Segment Start: Information shown
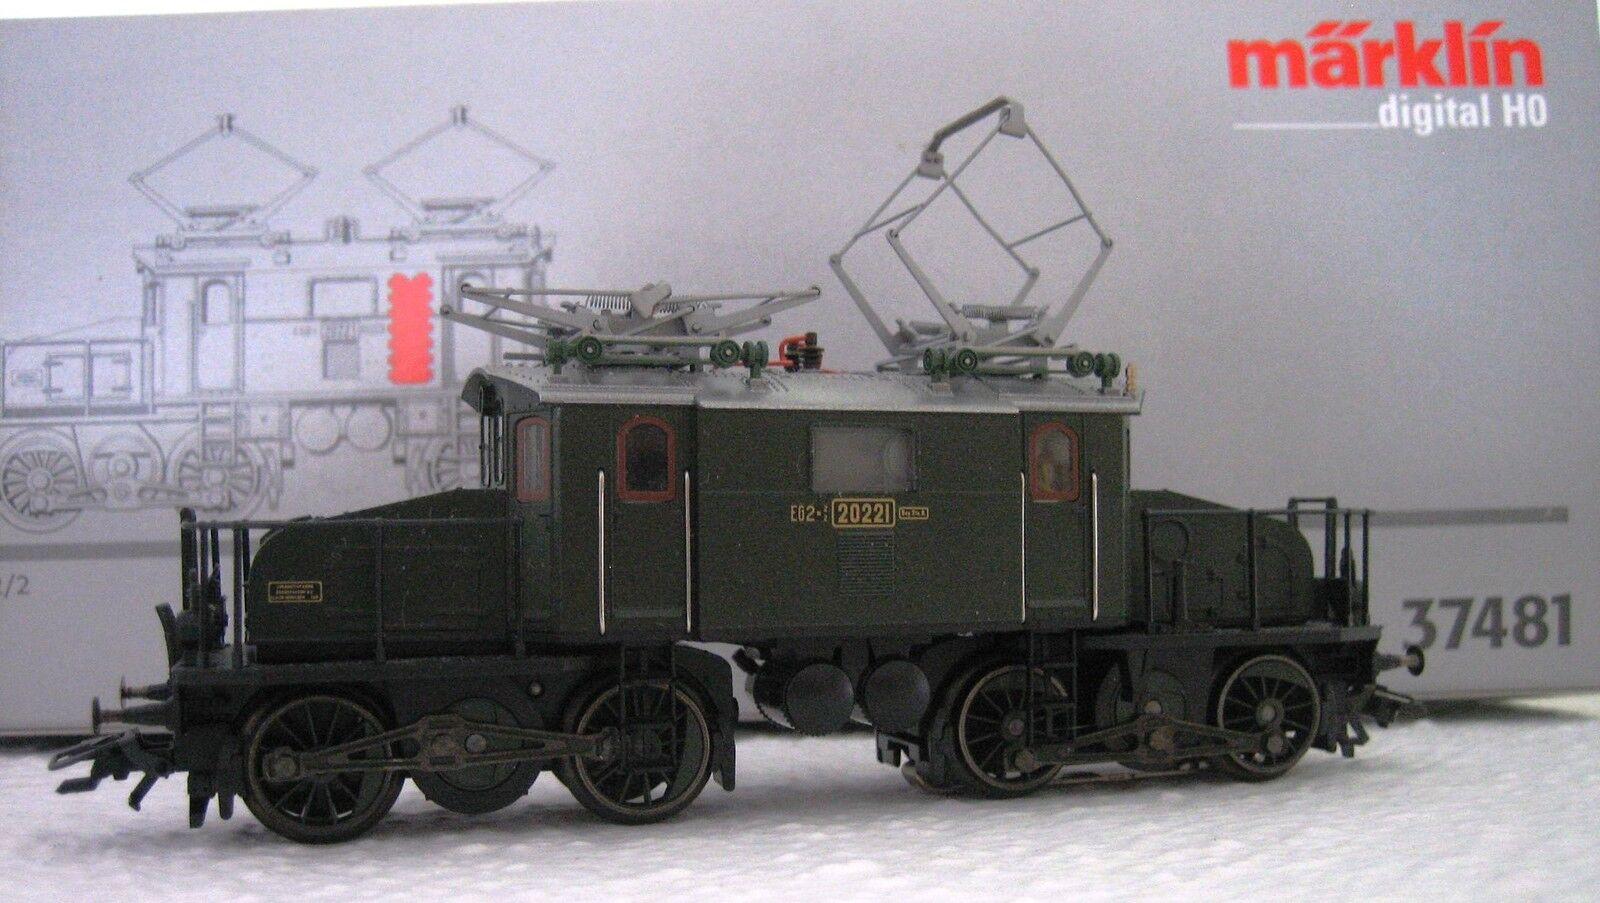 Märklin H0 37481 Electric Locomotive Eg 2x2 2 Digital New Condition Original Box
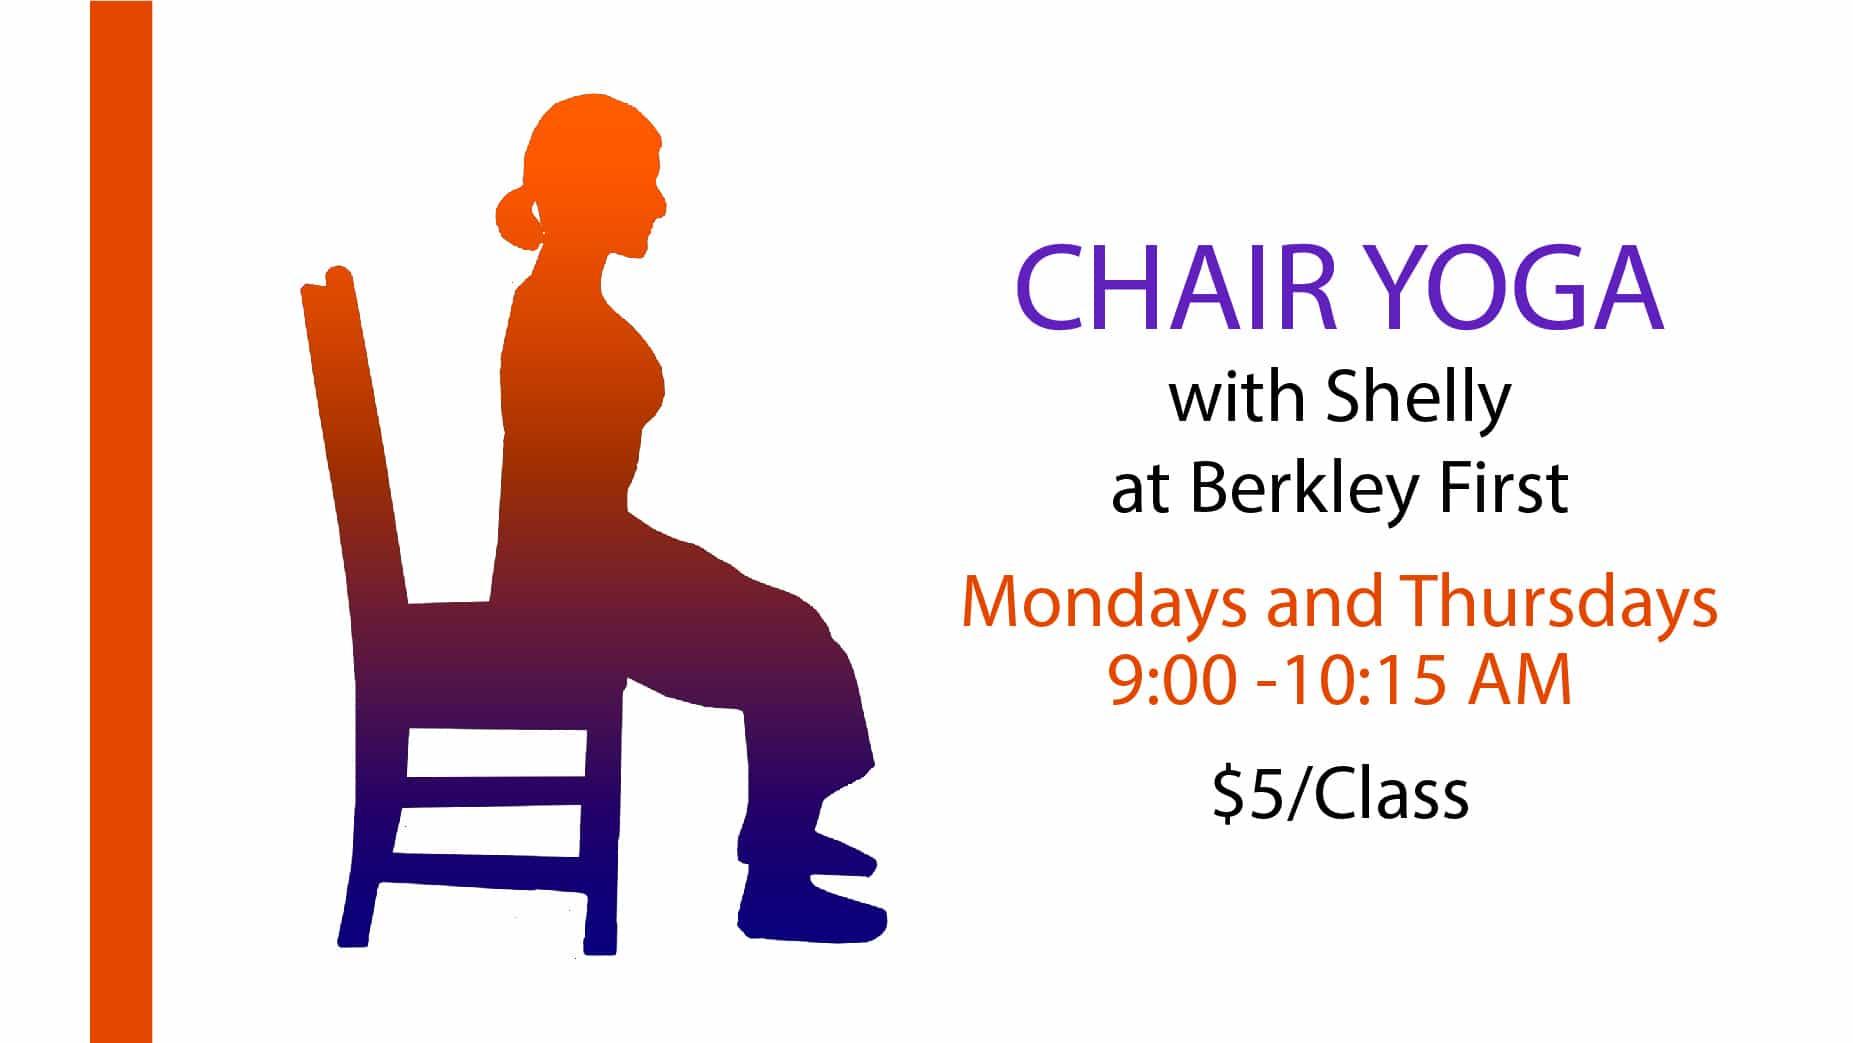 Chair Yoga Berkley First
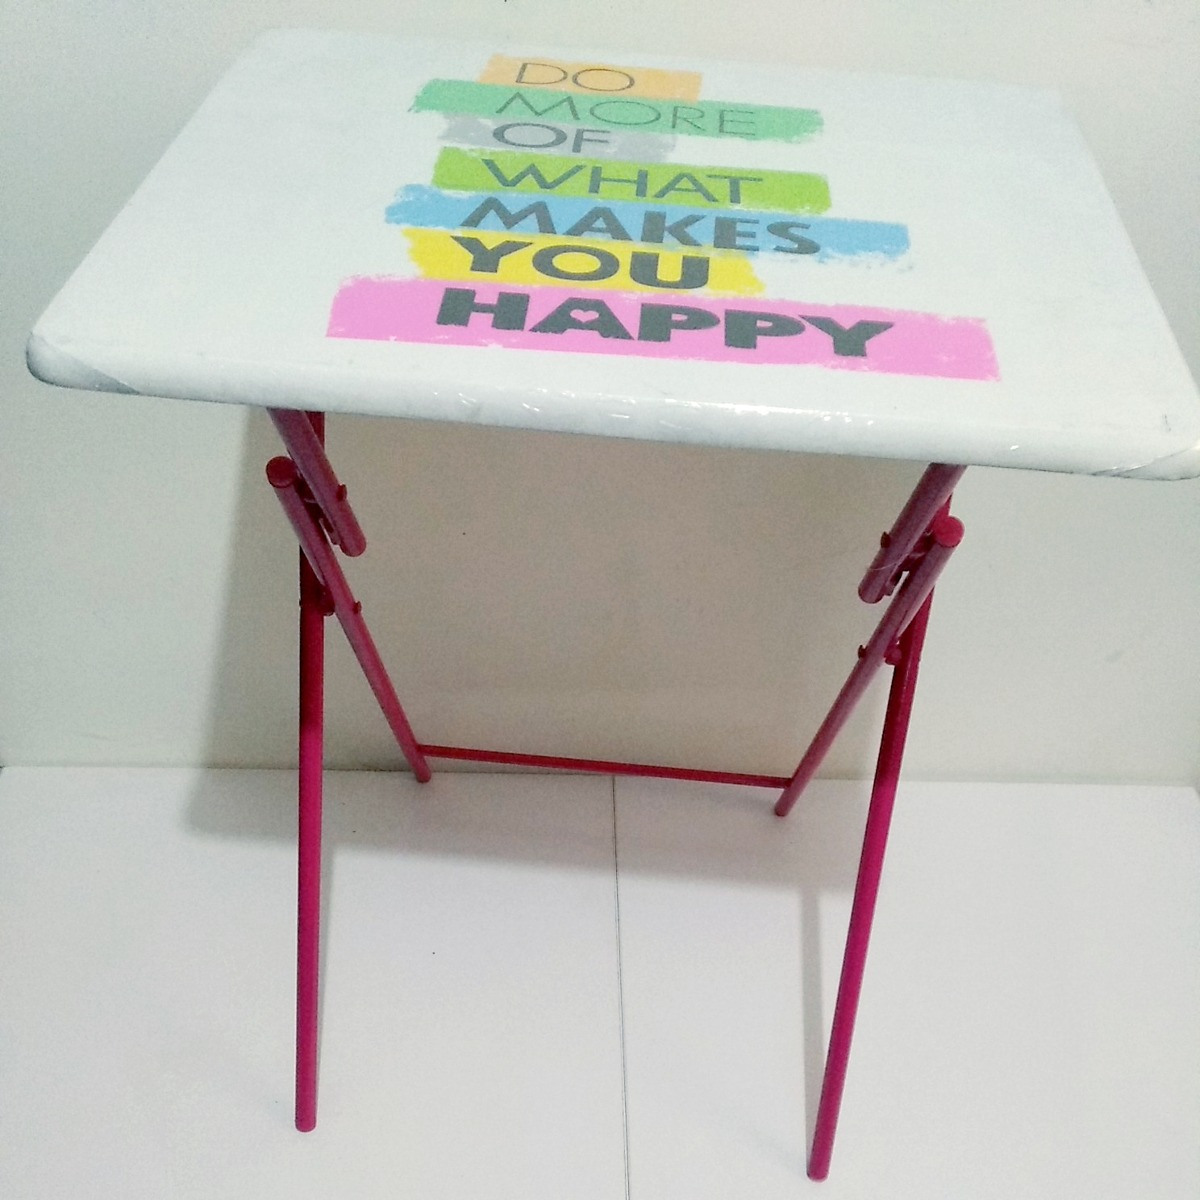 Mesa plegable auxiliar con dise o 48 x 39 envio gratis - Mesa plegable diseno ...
Segment End: Information shown
* [Exercise brief]: What is needed is the whole listing again, set down exactly, without its pictures.

* [The answer]:
 Märklin H0 37481 Electric Locomotive Eg 2x2 2 Digital New Condition Original Box
 Chair Yoga Berkley First
 Mesa plegable auxiliar con dise o 48 x 39 envio gratis - Mesa plegable diseno ...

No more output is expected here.